On the other hand, we testers are naturally tempted by another idea, namely to use the unlimited possibilities of artificial intelligence for software testing itself. There are interesting developments in this area as well. One area of application that stands out is performance testing. Here, the AI can detect anomalies in system behavior and system load depending on the input data. These observations could be used to move the system closer and closer to the load limit or beyond.

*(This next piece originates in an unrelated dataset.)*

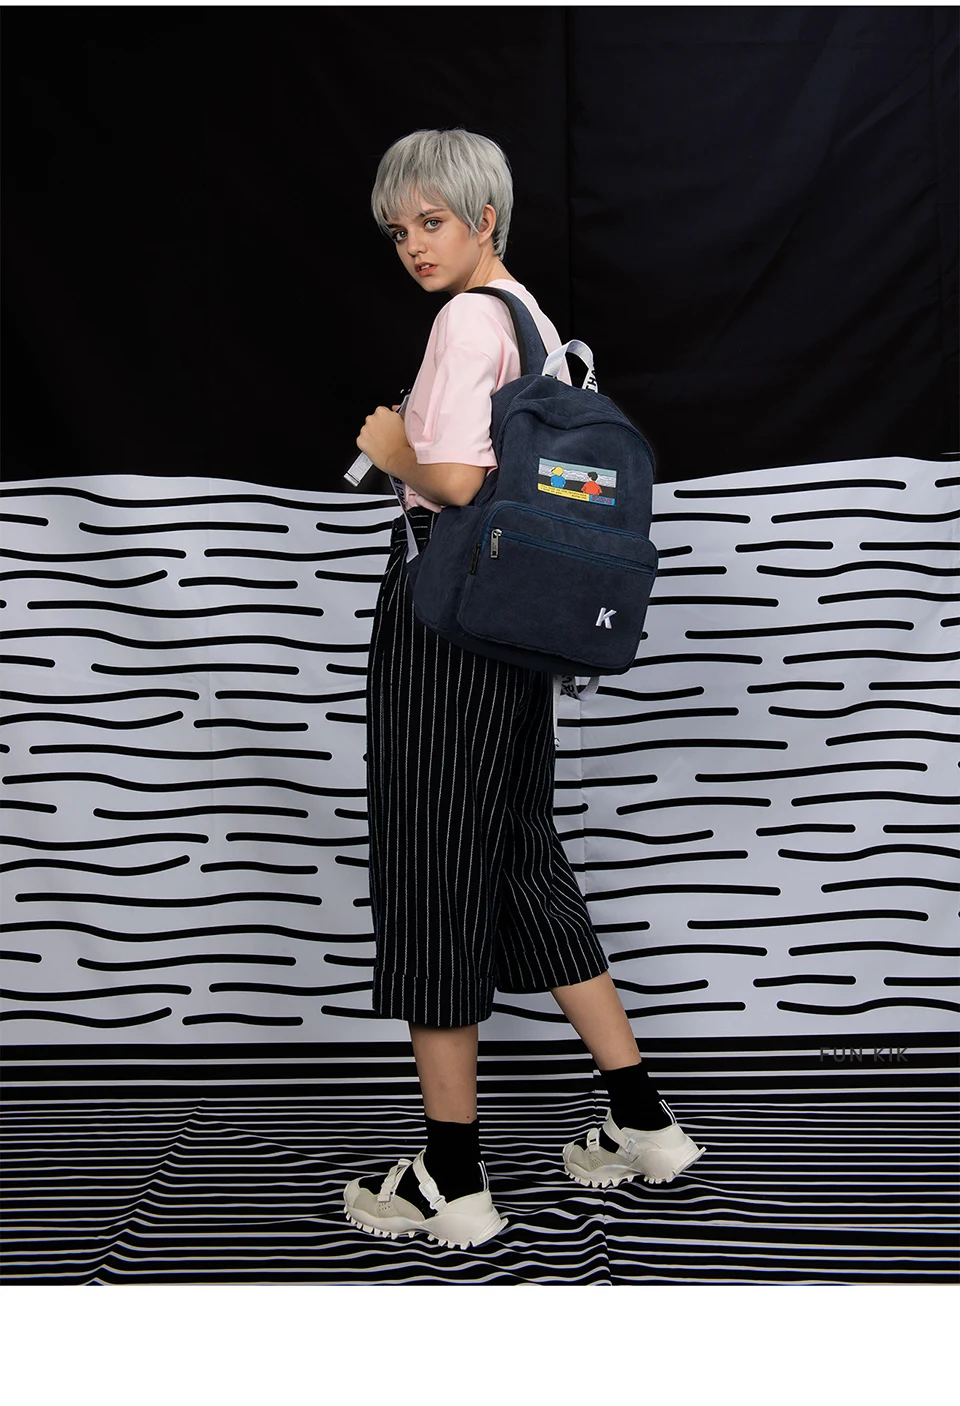 Креативные и практичные розовые и темно-синие вельветовые рюкзаки с вышивкой для школы и путешествий в серии сцен(FUN KIK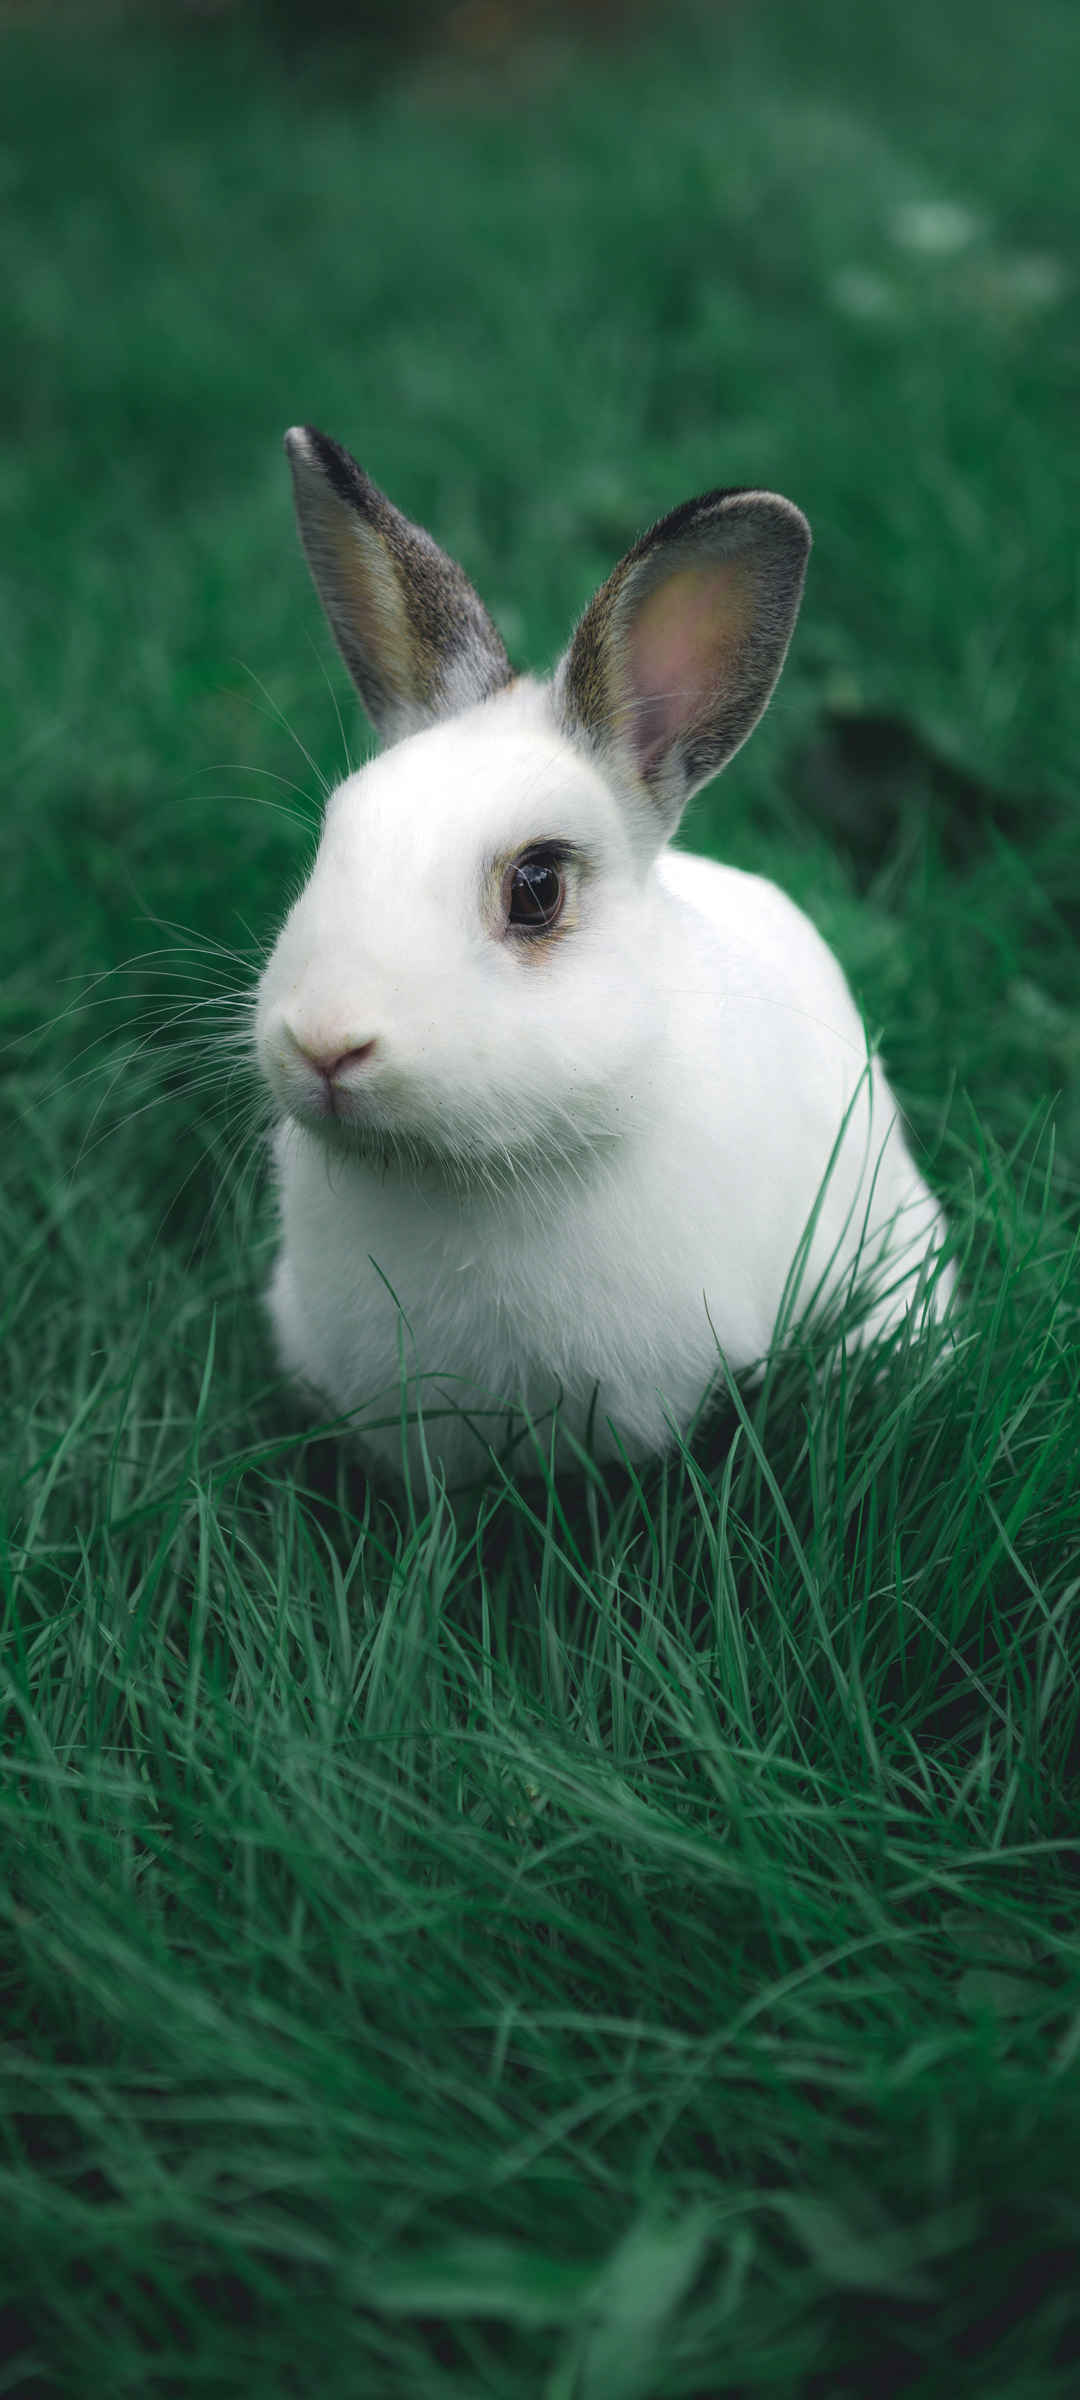 可爱小白兔子动物

Finding similarities and commonalities can be applied in many other fields. For error messages, test specifications, log files of the test object, the generation of test data based on data format descriptions or test sequences based on code analysis. Another exciting topic is the use of an AI as a test oracle. Here, another question arises: can't an AI that serves as a test oracle also be used as a system to be tested at the same time? And can it do it even better than the original? In addition, the question of limits also arises immediately: which decisions can and do we want to leave to an AI? Some people are reminded of the trolley problem. This is already unsolvable for humans, or at least usually difficult to justify. If a fatal accident is unavoidable and one can still influence the outcome, who may live and who must die?

These and other thoughts are an introduction to this highly interesting topic. It is very interesting, especially economically, and will have many exciting years ahead of it.

The article was published in the 01/2020 issue of German Testing Magazin.